To focus on transcriptional programs for subcategorizing tumor cells, we performed subclustering and trajectory analysis for malignant cell populations. We assigned seven tumor cell subclusters to all the malignant cell populations, namely tumor_CAV1, tumor_ATF3_JUN | FOS, tumor_ZEB2, tumor_VIM, tumor_WSB1, tumor_LXN, and tumor_PGM1 (Fig. 2h, Fig. S2f). The trajectory revealed a transcriptional hierarchy, converging into three discrete tumor subclusters. One subcluster was highly enriched with gene response to histone deacetylase (HDAC) inhibitors (like ATF3 and CAV1), and another subcluster was highly enriched with inflammatory gene (LXN and PGM1). The subcluster enriched with tumor metastasis-related hypoxia (WSB1) originated from the aforementioned differentiation paths. Sample arrangement along the differentiation trajectory of tumor cells revealed malignancy in patient T0602.

Transcriptional features in a spatial resolution on cryosections from patients with CRC

To examine spatially transcriptional differences within colorectal tissues, we mounted cryosections of unfixed CRC tissues originating from the same CRC patients onto spatially barcoded ST microarray slides to generate unbiased transcriptome maps. After haematoxylin and eosin (H&E) staining and brightfield imaging, we annotated the slides according to the distinct histological features (Fig. 3a). The samples were then processed for ST analysis. We demultiplexed the sequenced reads and identified their spatial location within tissues using the ST location-specific barcodes of the array.
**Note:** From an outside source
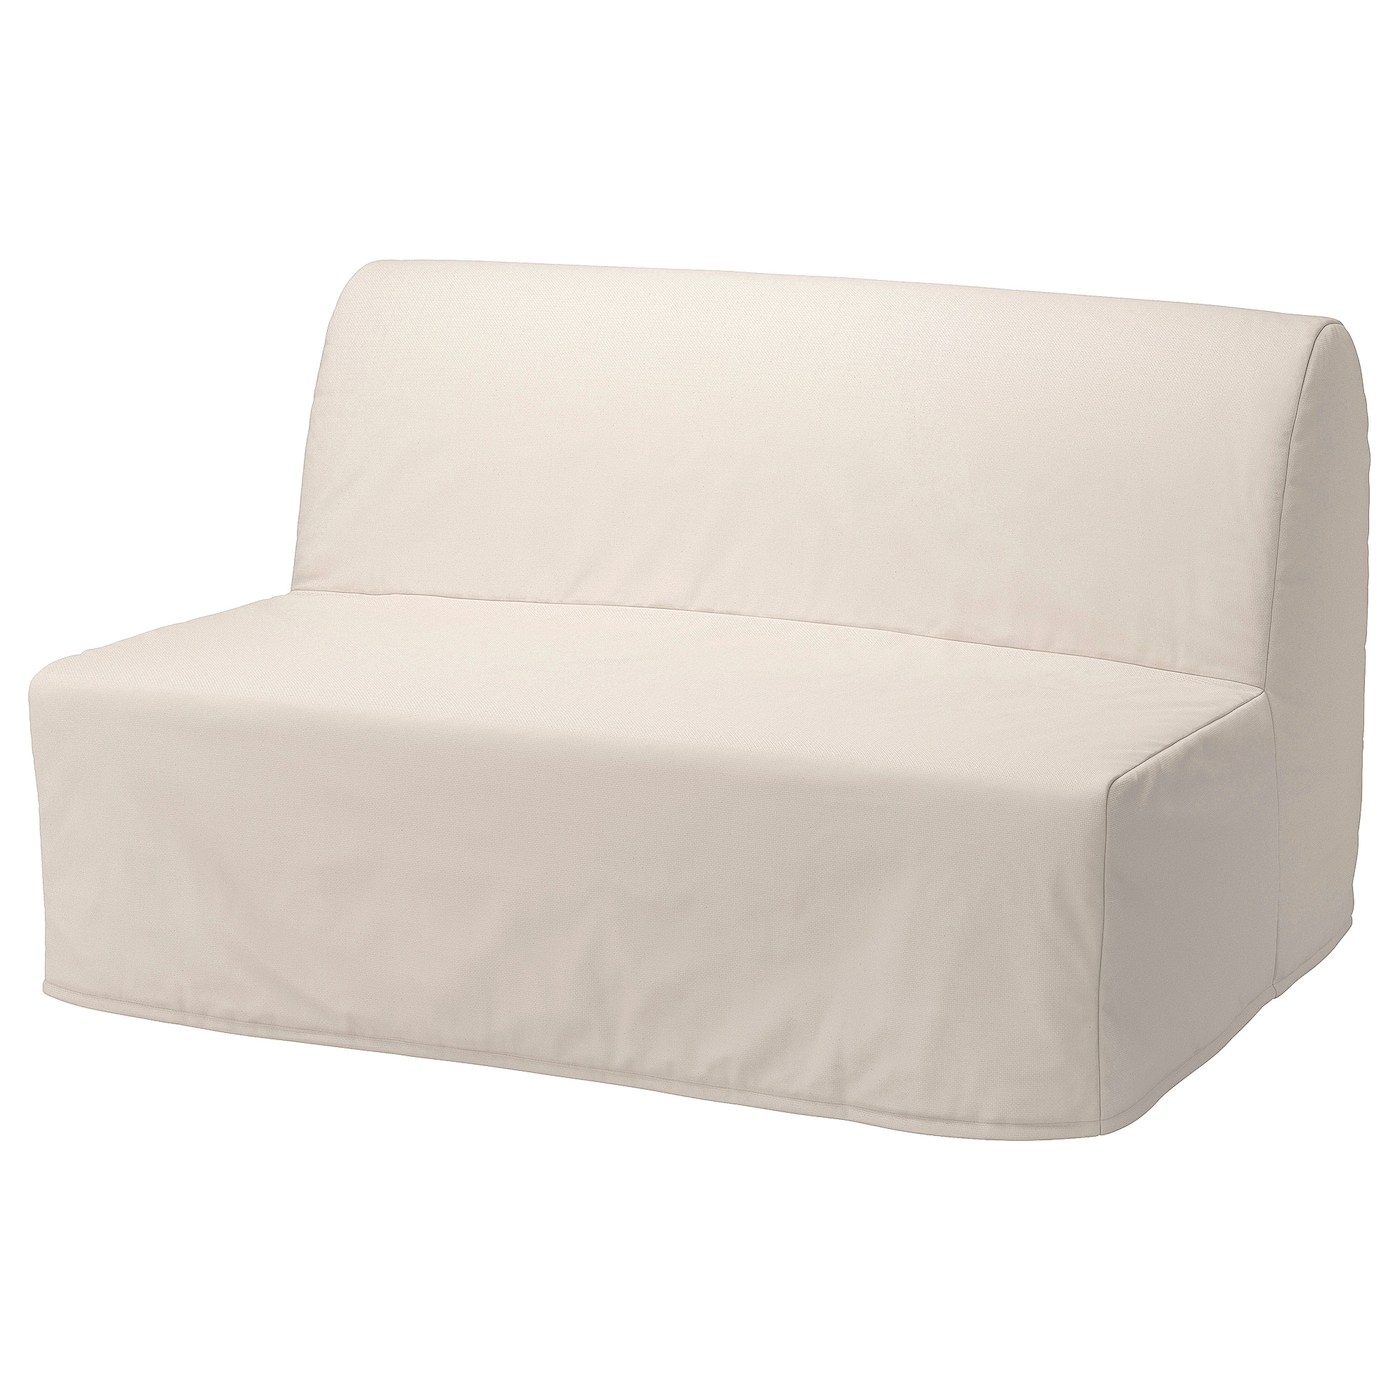 2-местный диван-кровать - IKEA LYCKSELE LÖVÅS/LOVAS/ЛИКСЕЛЕ ЛЕВОС ИКЕА, 87х100х142 см, белый

For patient T0602, we detected approximately/average 3413 median UMIs and approximately/average 1660 median gene numbers per ST spot for both the tumor tissue section (named CRC5_1) and the normal tissue section (named CRCN5_1).

Fig. 3: Spatial transcriptome (ST) of CRC and mapping of cell types at spatial resolution.
figure 3

a A pathologic section from tumor tissues of one CRC patient (T0602). b Annotations obtained by integration analysis of the CRC. scRNA-seq dataset and CRC5_1 in ST-seq dataset using seruat labeltransfer. c Clustering of the CRC5_1 ST spots and annotating CRC5_1 tumor cryosection on the ST slide. CRC5_1 cryosection was obtained from tumor tissues of patient T0602. d Expression levels for genes with subtype-specific patterns in CRC5_1 ST spots. i Standardized expression levels of five genes in the CRC5_1 in ST-seq datasets. e A pathologic section from normal, adjacent tissues of the CRC patient (T0602). f Annotations obtained by integration analysis of the CRC scRNA-seq dataset and CRC5N_1 in ST-seq dataset using seruat labeltransfer. g Clustering of the CRC5N_1 ST spots and annotating CRCN5_1 normal cryosection on the ST slide. CRC5N_1 cryosection was obtained from adjacent tissues of patient T0602. h Expression levels for genes with subtype-specific patterns in CRC5N_1 ST spots. j Standardized expression levels of five genes in the CRC5N_1 in ST-seq datasets.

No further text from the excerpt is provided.